* _What is required_
The pictures stay out; all of the data is to be printed exactly.

* _Data section_
==================================================
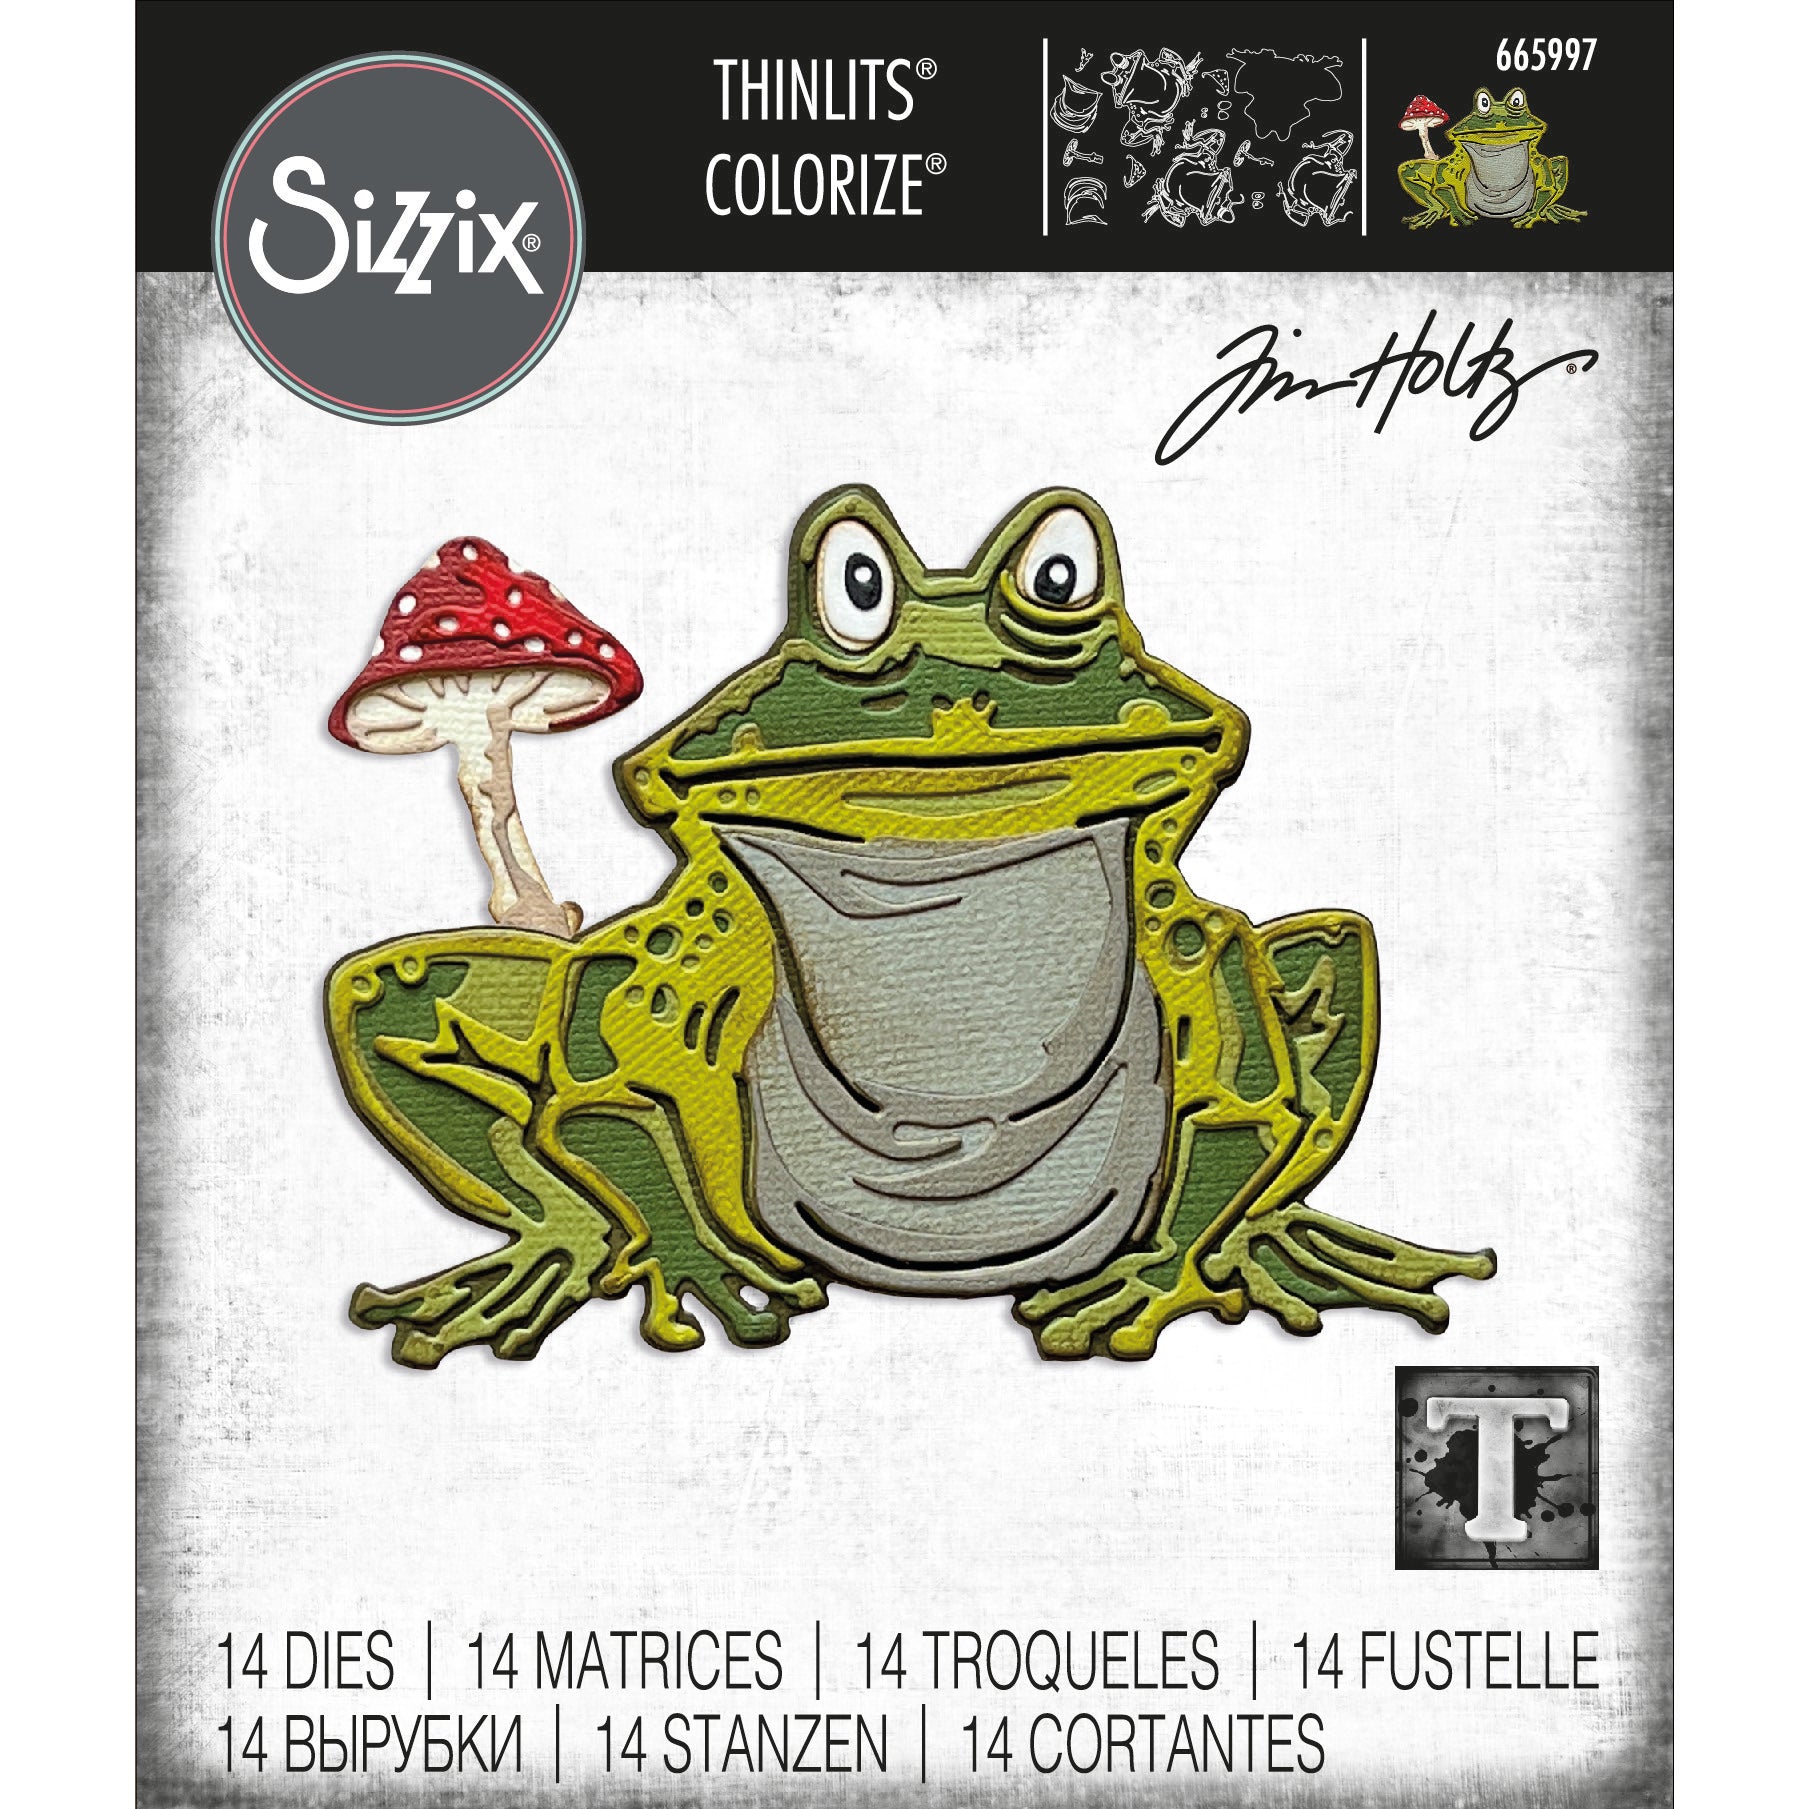 Sizzix Thinlits Die Set: Myron Colorize, by Tim Holtz (665997)
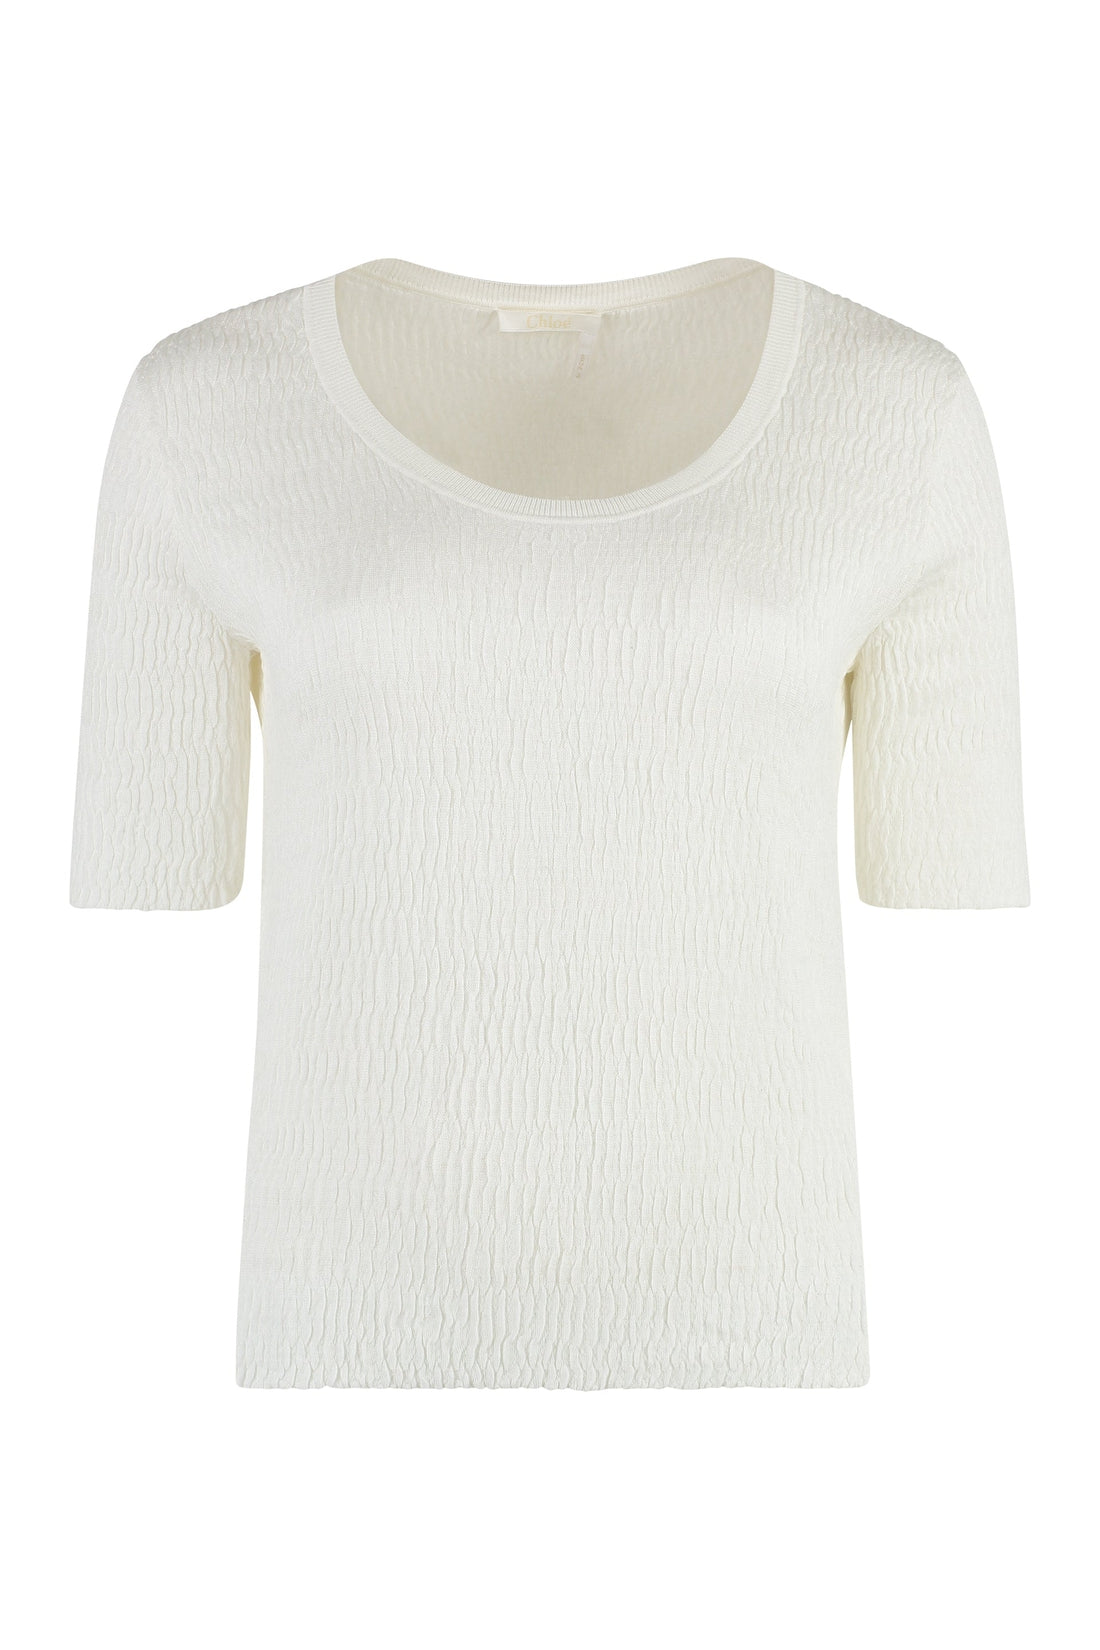 Chloé-OUTLET-SALE-Short sleeve sweater-ARCHIVIST
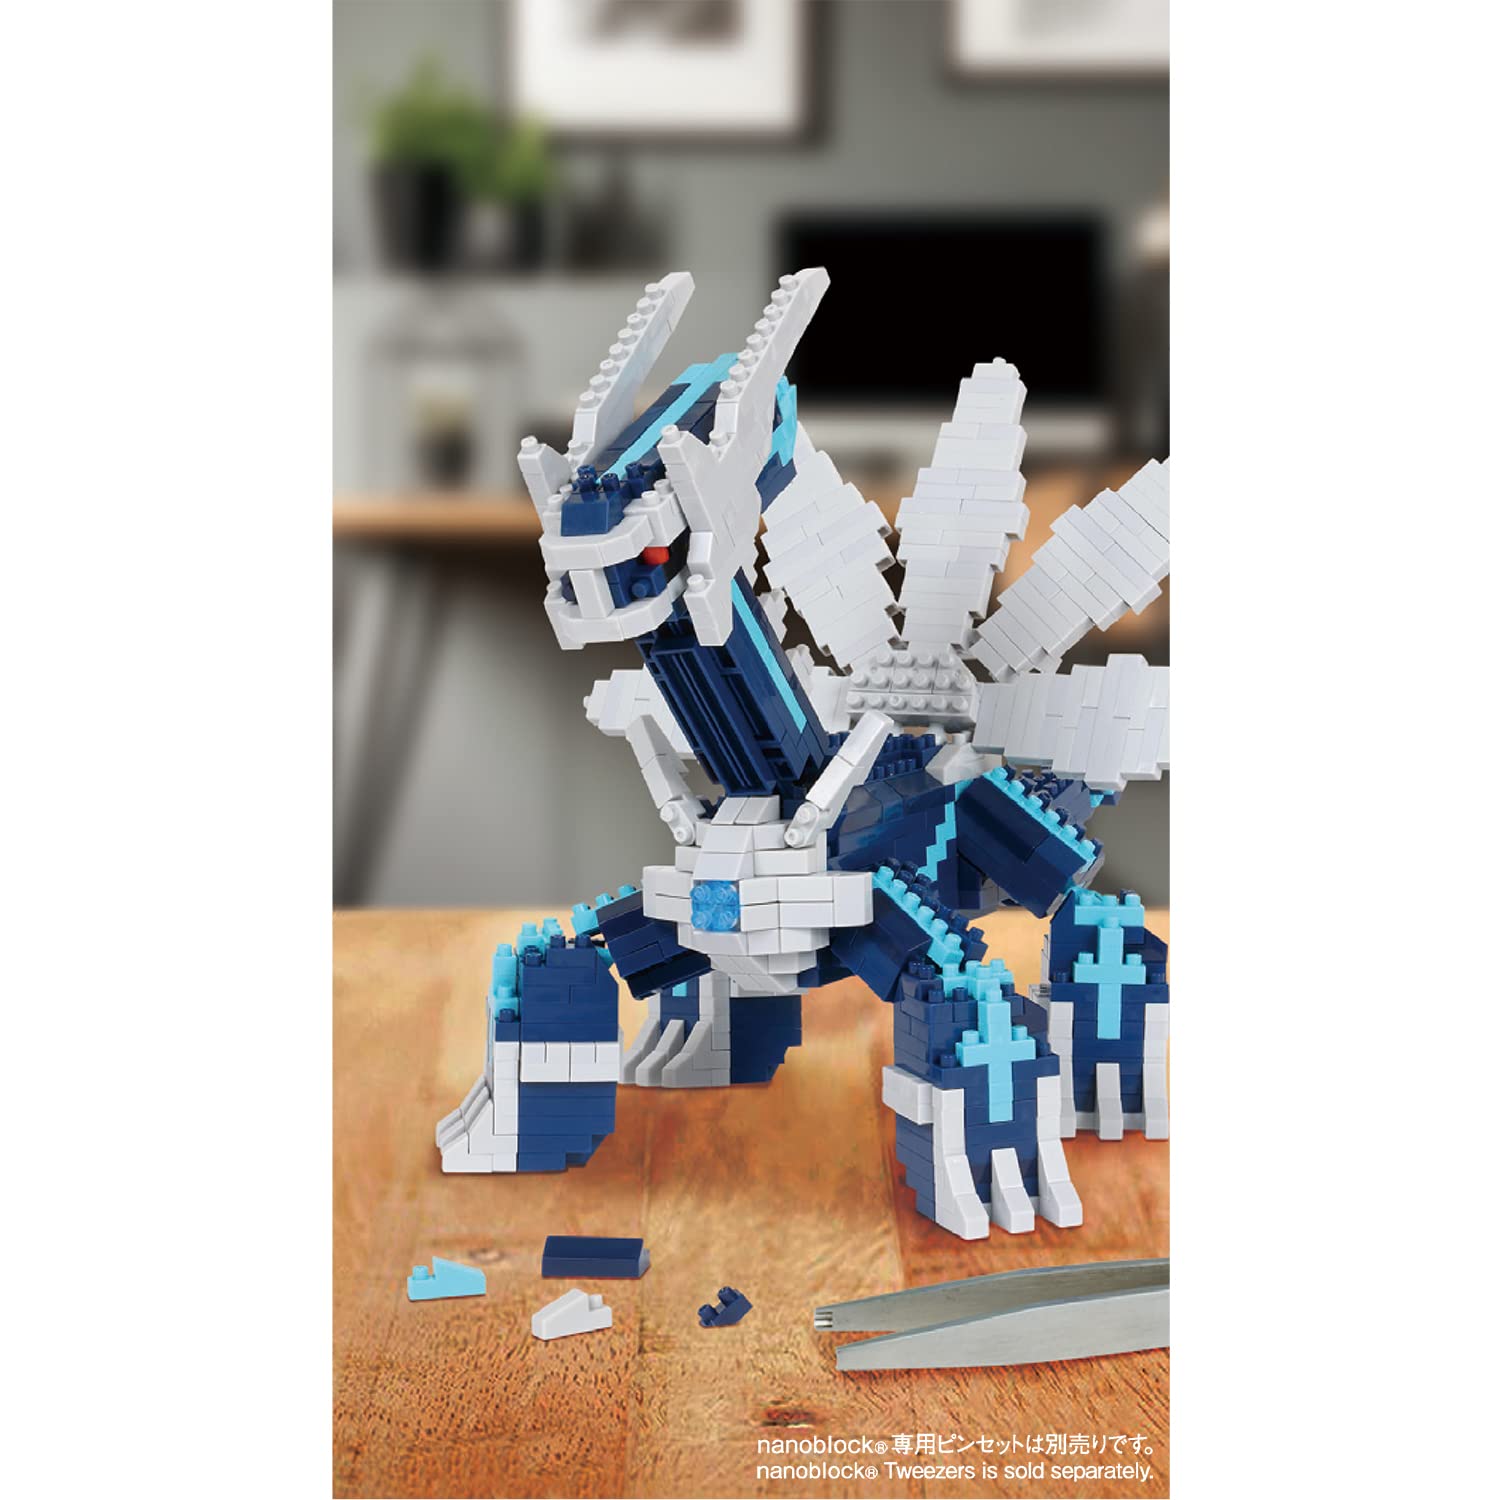 nanoblock - Pokémon - Dialga DX, Pokémon Series Building Kit
==================================================
* _Response to the exercise_
 Sizzix Thinlits Die Set: Myron Colorize, by Tim Holtz (665997)
 Chloé-OUTLET-SALE-Short sleeve sweater-ARCHIVIST
 nanoblock - Pokémon - Dialga DX, Pokémon Series Building Kit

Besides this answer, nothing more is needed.